I was one of those who welcomed the introduction of the party-list system into our Constitution, hoping this would encourage the formation of modern political parties with a definite constituency, a clear ideology and a coherent program. My dream at that time was to revive the socialist parliamentary tradition that once thrived in our country, with the working class as its base. But the collapse of socialist governments in Europe at the end of that historic decade completely pulled the rug out from under that idea.

Years later, younger comrades with a rich experience in social movements organized the Akbayan Party from a coalition of activist formations who believed in the basic tenets of social democracy. The formation of the party was long in the making. We debated its pros and cons, and analyzed the challenges and dilemmas that a leftwing party was bound to face in the electoral arena. Though successful in elections, it has not made much of a dent on the nation’s politics.

At around the same time, my good friend Nandy Pacheco was organizing Ang Kapatiran, a party whose philosophy draws much from the radical social teachings of the Catholic Church. The Kapatiran’s basic documents and organizational framework impressed me, and, seeing a genuine party in the making, I did not hesitate to share my views on party formation when Nandy invited me to speak to its founding members. The party has fielded candidates for various national positions in almost every election. Its persistence, despite its failure to get its candidates elected, is proof to me that it is ahead of the political culture of its milieu.

That culture has always suffered from a fundamental weakness, namely, its inability to differentiate politics from the rest of society. Behind every candidate stands, not a political party organization, but a patron-client network centered on a family and encompassing a loyal base bound by affinities other than political. Bongbong Marcos banks on the strong Ilocano and Waray ties of the Marcos-Romualdez clan. Sonny Trillanes, a former military officer, relies on the support of the nation’s uniformed personnel and their families. Alan Cayetano falls back on the patron-client network created in a short time by his family’s successful run in politics. To all intents and purposes, each one of them commands a personal network that is probably larger and more reliable than what the Nacionalista Party, as a party, can mobilize.

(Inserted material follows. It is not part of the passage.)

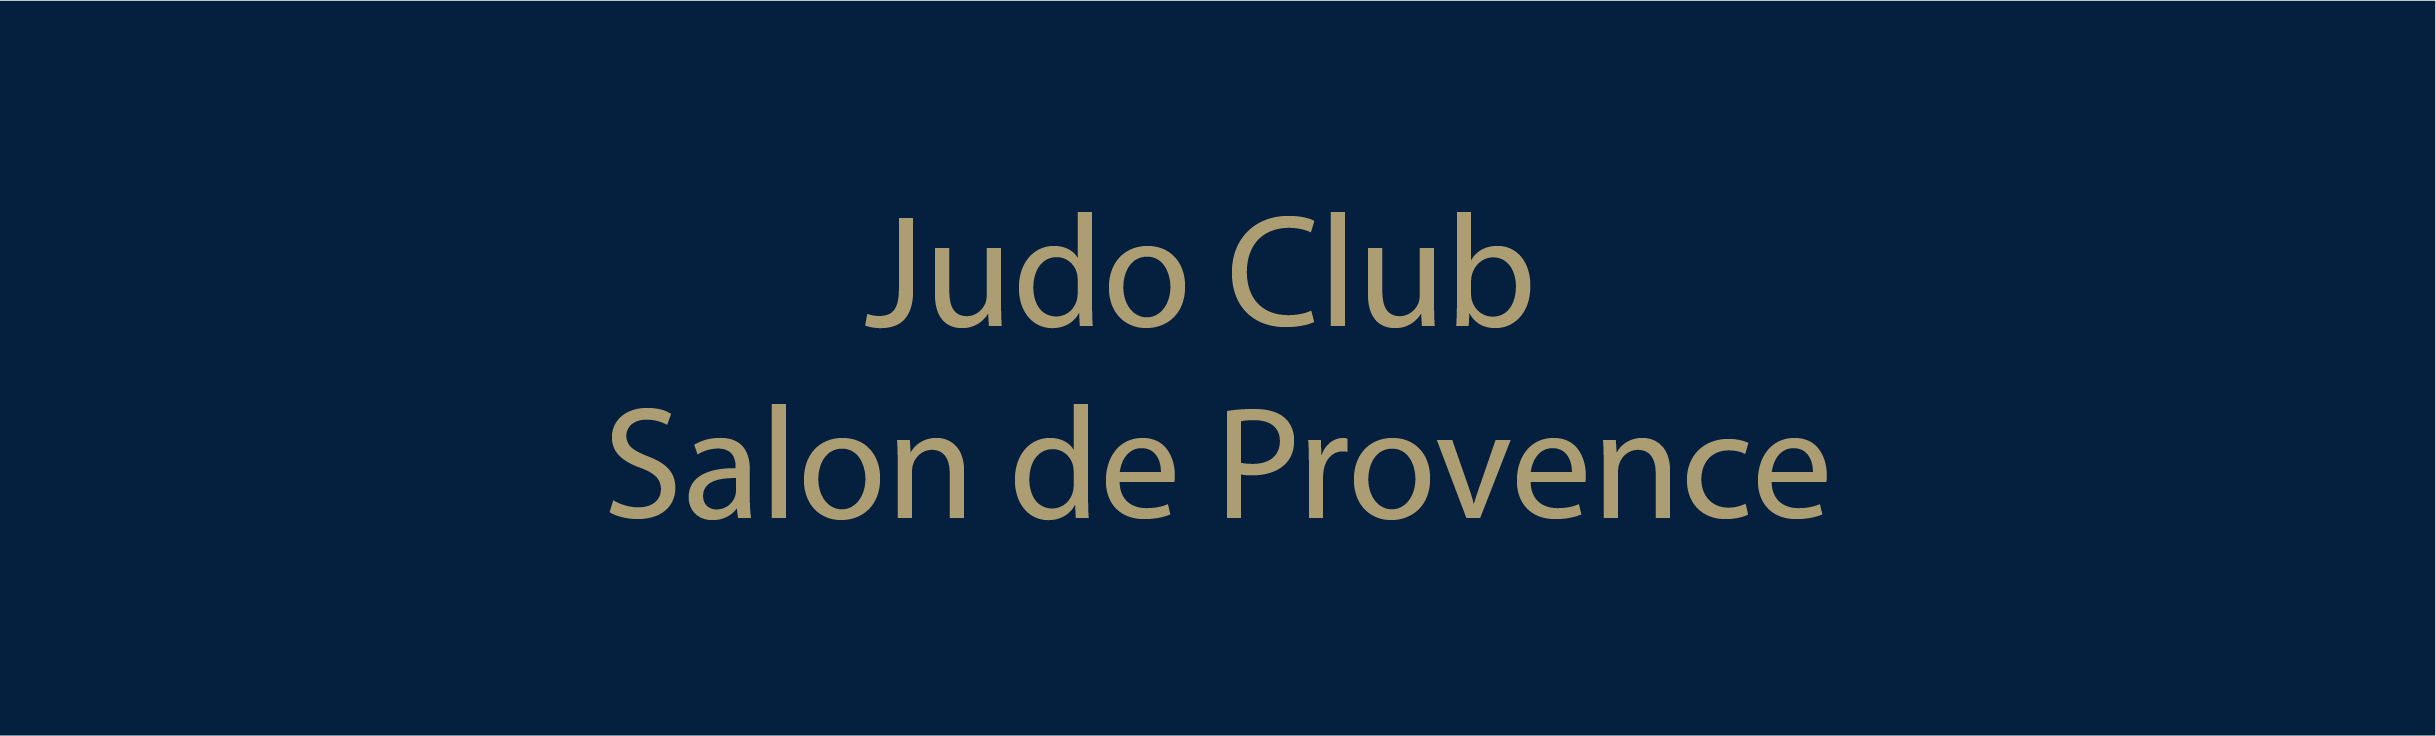 Judo Club Salon de Provence

Modern political parties emerged in Europe in the course of the progressive differentiation of the political system from the other spheres of society—the family, the Church, ethnolinguistic communities, business, etc. They provided an antidote to the lingering influence of the upper classes in political life. In lieu of the old nobility and the charismatic figures, these political parties recruit young people with a vocation for politics from all sectors of society, and prepare them, like other professionals, for a life devoted to government service.

In contrast, we are content to entrust the complex functions of the modern state to individuals chosen according to the vagaries of premodern politics. This has been our system’s fatal blind spot.